This isn't just another auto-grader. This multi-agent system represents a paradigm shift in technical evaluation, combining cutting-edge AI with distributed systems engineered to create an evaluation pipeline that's both intelligent and massively scalable. What makes it revolutionary? It doesn't just check the positive or negatives of a submission – it evaluates on different dimensions - innovation, user experience, scalability potential, and business viability through a sophisticated multi-agent AI system that processes multi-modal data - text, video, and code simultaneously.

The Pain Points

Multi-Modal Assessment Gap: Most evaluation systems focus solely on code.
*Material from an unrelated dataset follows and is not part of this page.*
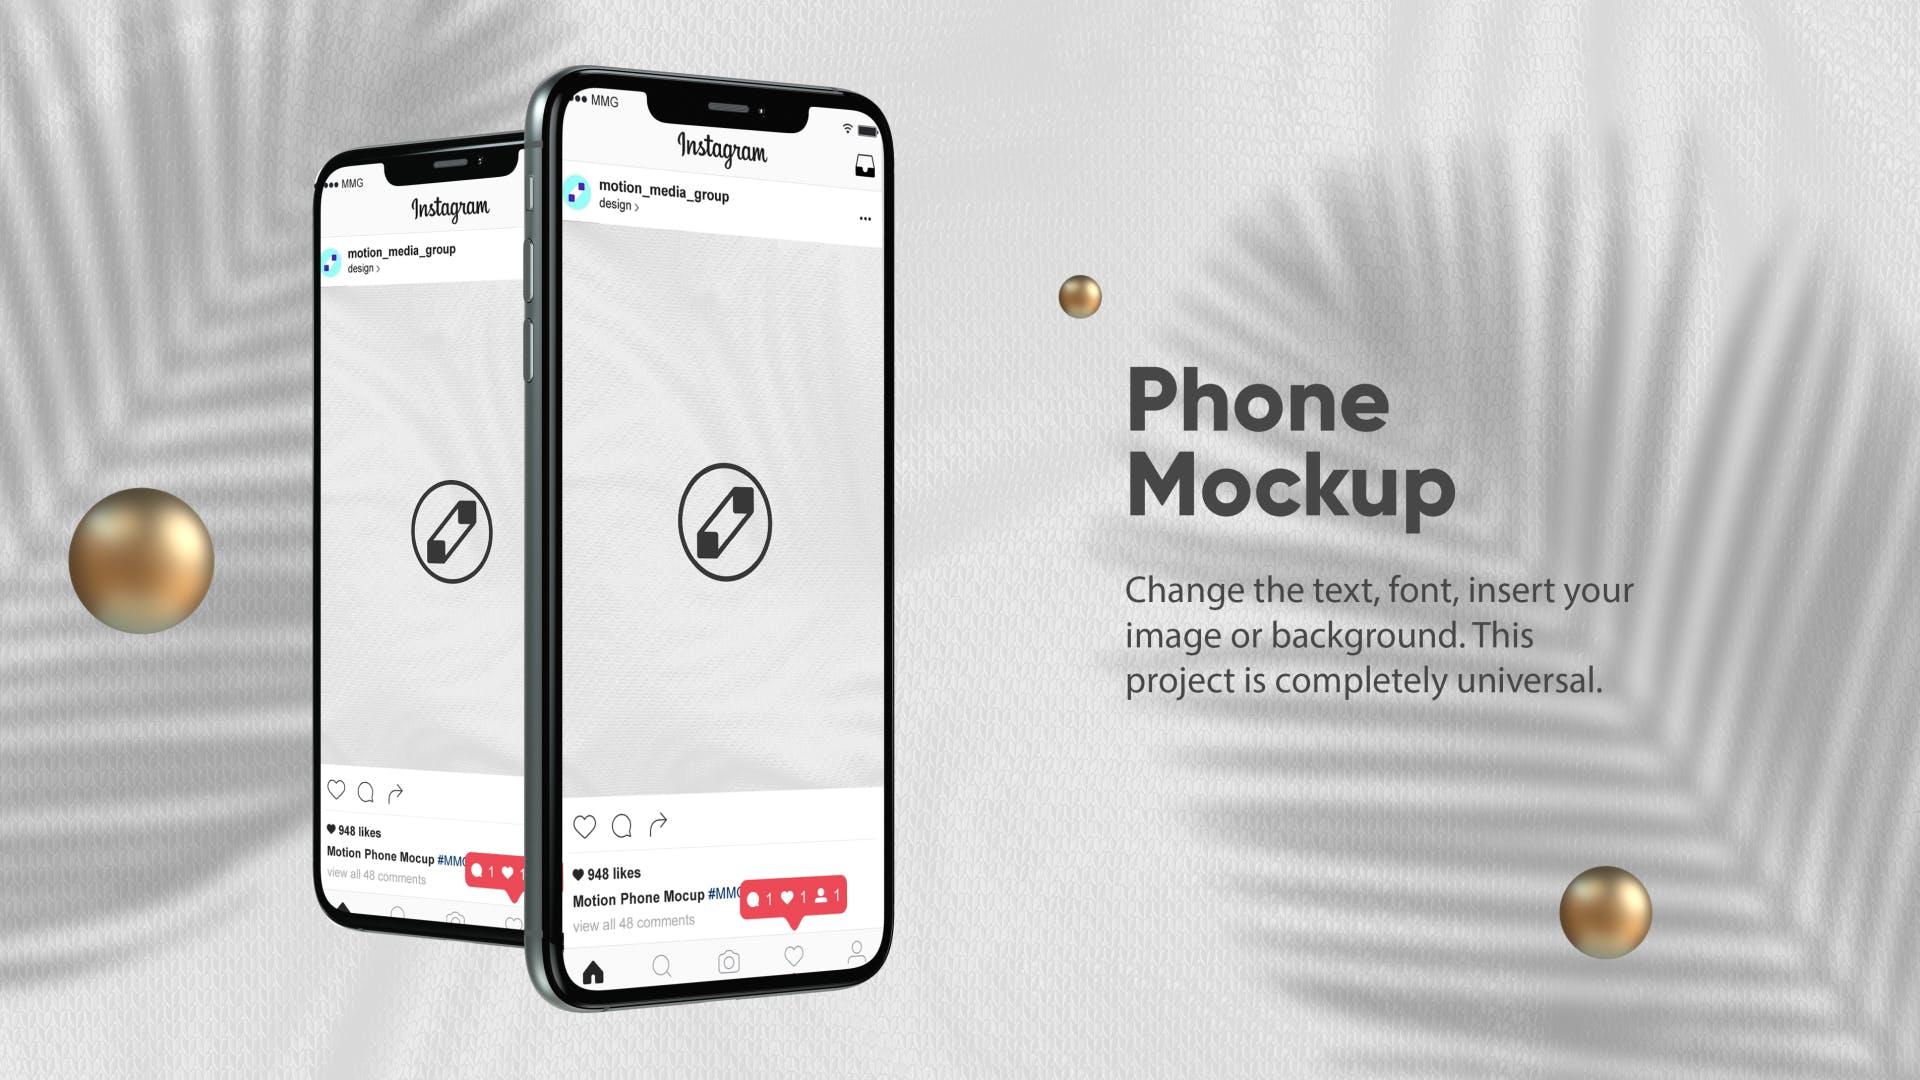 优雅时尚风格3D立体风格iPhone手机屏幕预览第一素材精选样机 10 Light Phone Mockups插图(2)

This system recognizes that modern submissions include video pitches, documentation, and architectural decisions that all contribute to project quality.
Scale vs. Quality Dilemma: Manual review provides quality but doesn't scale. Automated testing scales but lacks nuance. The evaluation system achieves both through AI-powered multi-agent orchestration.
Consistency Challenge: Different evaluators bring different biases (including human biases) and standards. The AI agents apply consistent rubrics across thousands of submissions.
Explainability Requirements: Black-box scoring undermines trust. VibeCodingEval provides detailed rationale for every score, making the evaluation process transparent.

If you've ever wondered how to build an evaluation system that can handle enterprise-scale events while maintaining nuanced, human-like assessment capabilities, this deep dive into VibeCodingEval's architecture will show you exactly how it's done.

Deep Dive: Architecture and Technical Excellence

System Architecture Overview

The evaluation system employs a sophisticated multi-tier architecture that separates concerns elegantly:

Core Components Deep Dive

1. Input Processing Pipeline (process_inputs.py)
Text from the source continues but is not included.